Goal of the exercise
Print each line exactly, beginning with the one where "Desa FAS-5C, FA-5B, FA-3B" appears and ending at the last line below.

Recorded data section start

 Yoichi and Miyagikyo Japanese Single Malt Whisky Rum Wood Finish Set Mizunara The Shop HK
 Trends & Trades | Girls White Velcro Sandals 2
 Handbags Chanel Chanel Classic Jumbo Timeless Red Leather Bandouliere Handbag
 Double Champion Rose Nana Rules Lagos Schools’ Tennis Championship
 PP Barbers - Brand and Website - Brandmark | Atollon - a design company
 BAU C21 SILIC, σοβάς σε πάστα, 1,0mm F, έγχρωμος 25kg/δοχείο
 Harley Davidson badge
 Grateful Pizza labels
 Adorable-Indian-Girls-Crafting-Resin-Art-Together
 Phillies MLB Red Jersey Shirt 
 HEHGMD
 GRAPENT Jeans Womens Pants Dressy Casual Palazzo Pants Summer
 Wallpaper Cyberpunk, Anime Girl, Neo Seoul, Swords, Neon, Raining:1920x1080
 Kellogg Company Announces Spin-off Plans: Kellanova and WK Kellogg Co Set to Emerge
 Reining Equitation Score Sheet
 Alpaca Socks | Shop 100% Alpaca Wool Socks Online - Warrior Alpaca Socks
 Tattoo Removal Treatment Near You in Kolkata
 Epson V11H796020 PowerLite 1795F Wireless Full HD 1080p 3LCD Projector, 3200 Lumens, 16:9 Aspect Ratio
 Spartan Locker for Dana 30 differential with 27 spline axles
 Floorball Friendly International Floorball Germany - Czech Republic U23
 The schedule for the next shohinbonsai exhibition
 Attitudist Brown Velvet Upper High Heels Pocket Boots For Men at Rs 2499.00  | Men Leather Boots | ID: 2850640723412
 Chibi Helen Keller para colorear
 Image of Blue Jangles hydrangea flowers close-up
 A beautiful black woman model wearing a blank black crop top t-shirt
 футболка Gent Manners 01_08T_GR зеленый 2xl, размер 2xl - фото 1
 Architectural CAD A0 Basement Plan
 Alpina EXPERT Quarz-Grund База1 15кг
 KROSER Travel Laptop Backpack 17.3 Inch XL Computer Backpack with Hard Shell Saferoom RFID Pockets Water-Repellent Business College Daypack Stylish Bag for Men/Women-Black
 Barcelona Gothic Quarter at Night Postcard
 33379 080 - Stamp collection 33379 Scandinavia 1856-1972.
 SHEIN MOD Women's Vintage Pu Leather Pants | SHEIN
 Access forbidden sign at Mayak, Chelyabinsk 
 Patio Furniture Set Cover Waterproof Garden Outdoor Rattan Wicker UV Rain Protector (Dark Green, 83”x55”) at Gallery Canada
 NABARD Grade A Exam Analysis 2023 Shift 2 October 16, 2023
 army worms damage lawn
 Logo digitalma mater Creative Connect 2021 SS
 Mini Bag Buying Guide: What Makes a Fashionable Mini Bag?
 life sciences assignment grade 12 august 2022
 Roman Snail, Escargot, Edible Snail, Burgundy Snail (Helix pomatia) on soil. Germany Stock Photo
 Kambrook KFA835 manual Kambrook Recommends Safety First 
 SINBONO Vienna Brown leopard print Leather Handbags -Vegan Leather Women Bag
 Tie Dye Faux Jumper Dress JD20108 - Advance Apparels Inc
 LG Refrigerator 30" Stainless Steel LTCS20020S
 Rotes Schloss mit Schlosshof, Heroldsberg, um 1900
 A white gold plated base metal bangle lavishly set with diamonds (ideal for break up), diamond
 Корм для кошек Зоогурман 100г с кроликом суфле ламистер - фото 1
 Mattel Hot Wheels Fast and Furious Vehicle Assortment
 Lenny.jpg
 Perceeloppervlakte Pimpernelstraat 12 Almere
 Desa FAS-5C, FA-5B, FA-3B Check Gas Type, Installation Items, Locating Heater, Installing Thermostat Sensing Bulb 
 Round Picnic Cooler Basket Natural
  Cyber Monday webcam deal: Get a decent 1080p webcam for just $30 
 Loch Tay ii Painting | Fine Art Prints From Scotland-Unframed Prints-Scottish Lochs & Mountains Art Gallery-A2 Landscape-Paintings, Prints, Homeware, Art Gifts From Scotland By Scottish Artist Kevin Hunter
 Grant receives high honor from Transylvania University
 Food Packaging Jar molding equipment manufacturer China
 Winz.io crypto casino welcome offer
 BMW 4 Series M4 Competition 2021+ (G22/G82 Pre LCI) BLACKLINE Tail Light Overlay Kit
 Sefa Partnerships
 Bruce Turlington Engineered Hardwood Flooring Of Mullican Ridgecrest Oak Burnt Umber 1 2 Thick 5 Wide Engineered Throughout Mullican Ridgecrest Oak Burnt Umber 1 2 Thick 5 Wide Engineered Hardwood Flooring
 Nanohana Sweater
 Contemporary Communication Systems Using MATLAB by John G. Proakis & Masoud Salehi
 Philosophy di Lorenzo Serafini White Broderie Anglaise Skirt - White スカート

Recorded data section end

Your solution
 Desa FAS-5C, FA-5B, FA-3B Check Gas Type, Installation Items, Locating Heater, Installing Thermostat Sensing Bulb 
 Round Picnic Cooler Basket Natural
  Cyber Monday webcam deal: Get a decent 1080p webcam for just $30 
 Loch Tay ii Painting | Fine Art Prints From Scotland-Unframed Prints-Scottish Lochs & Mountains Art Gallery-A2 Landscape-Paintings, Prints, Homeware, Art Gifts From Scotland By Scottish Artist Kevin Hunter
 Grant receives high honor from Transylvania University
 Food Packaging Jar molding equipment manufacturer China
 Winz.io crypto casino welcome offer
 BMW 4 Series M4 Competition 2021+ (G22/G82 Pre LCI) BLACKLINE Tail Light Overlay Kit
 Sefa Partnerships
 Bruce Turlington Engineered Hardwood Flooring Of Mullican Ridgecrest Oak Burnt Umber 1 2 Thick 5 Wide Engineered Throughout Mullican Ridgecrest Oak Burnt Umber 1 2 Thick 5 Wide Engineered Hardwood Flooring
 Nanohana Sweater
 Contemporary Communication Systems Using MATLAB by John G. Proakis & Masoud Salehi
 Philosophy di Lorenzo Serafini White Broderie Anglaise Skirt - White スカート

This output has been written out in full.